MLU370-M8 Cogvlm部署手册
一、环境选择
二、环境安装
transformers
git clone -b v4.38.0 https://githubfast.com/huggingface/transformers.git
python /torch/src/catch/tools/torch_gpu2mlu/torch_gpu2mlu.py -i transformers/
pip install -e ./transformers_mlu/
accelerate
git clone -b v0.27.2 https://githubfast.com/huggingface/accelerate.git
python /torch/src/catch/tools/torch_gpu2mlu/torch_gpu2mlu.py -i accelerate/
pip install -e ./accelerate_mlu/
常规安装
pip install 即可
modelscope
SwissArmyTransformer>=0.4.9
# transformers>=4.36.2
# xformers>=0.0.22
# torch>=2.1.0
# torchvision>=0.16.2
spacy>=3.6.0
pillow>=10.2.0
# deepspeed>=0.13.1
seaborn>=0.13.2
loguru~=0.7.2
streamlit>=1.31.0
timm>=0.9.12
# accelerate>=0.26.1
pydantic>=2.6.0
三.模型下载
#模型下载
from modelscope import snapshot_download
model_dir = snapshot_download('ZhipuAI/cogvlm-chat')
model_dir = snapshot_download('AI-ModelScope/vicuna-7b-v1.5')
将下载后的模型拷贝到存储卷中,方便后续改绝对路径使用
四.代码修改
下载社区github代码
https://github.com/THUDM/CogVLM.git
#转换算子
python /torch/src/catch/tools/torch_gpu2mlu/torch_gpu2mlu.py -i CogVLM/
cd CogVLM_mlu/
修改basic_demo/cli_demo_hf.py代码【将default改成自己的绝对路径】
parser.add_argument("--from_pretrained", type=str, default="/workspace/volume/shixisheng/wmy/models/cogagent-chat", help='pretrained ckpt')

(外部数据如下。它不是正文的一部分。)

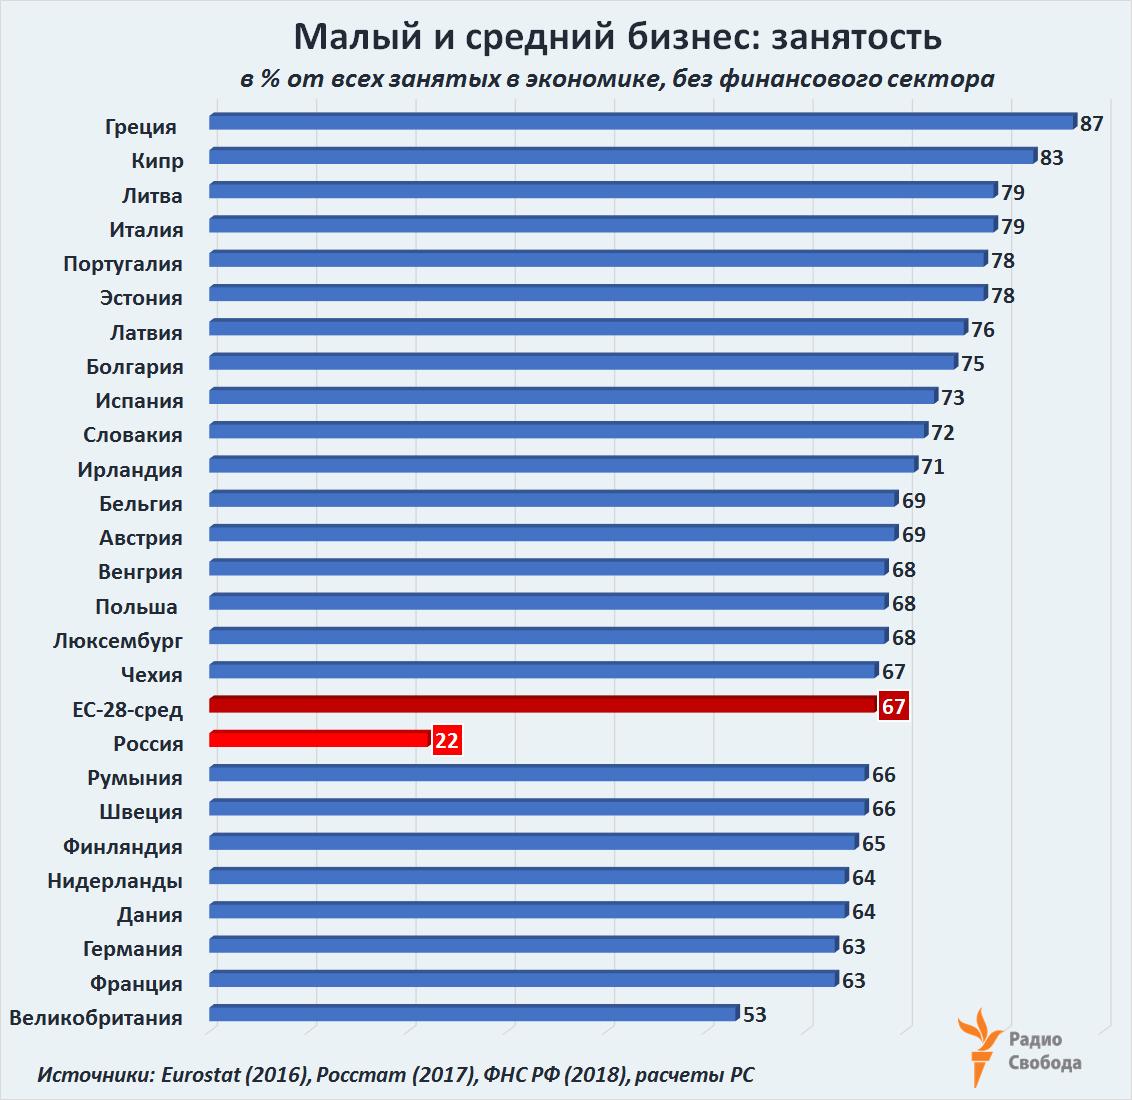 Russia-Factograph-SME-Employment-Share-EU-Russia

parser.add_argument("--local_tokenizer", type=str, default="/workspace/volume/shixisheng/wmy/models/vicuna-7b-v1.5", help='tokenizer path')
修改cogvlm-chat代码
修改cogvlm-chat/visual.py 【因为xformers适配状态中,我们将attention计算方式使用pytorch实现】
1.注释
import xformers.ops as xops
2.添加在最上面
def memory_efficient_attention_pytorch(query, key, value, attn_bias=None, p=0., scale=None):
# query [batch, seq_len, n_head, head_dim]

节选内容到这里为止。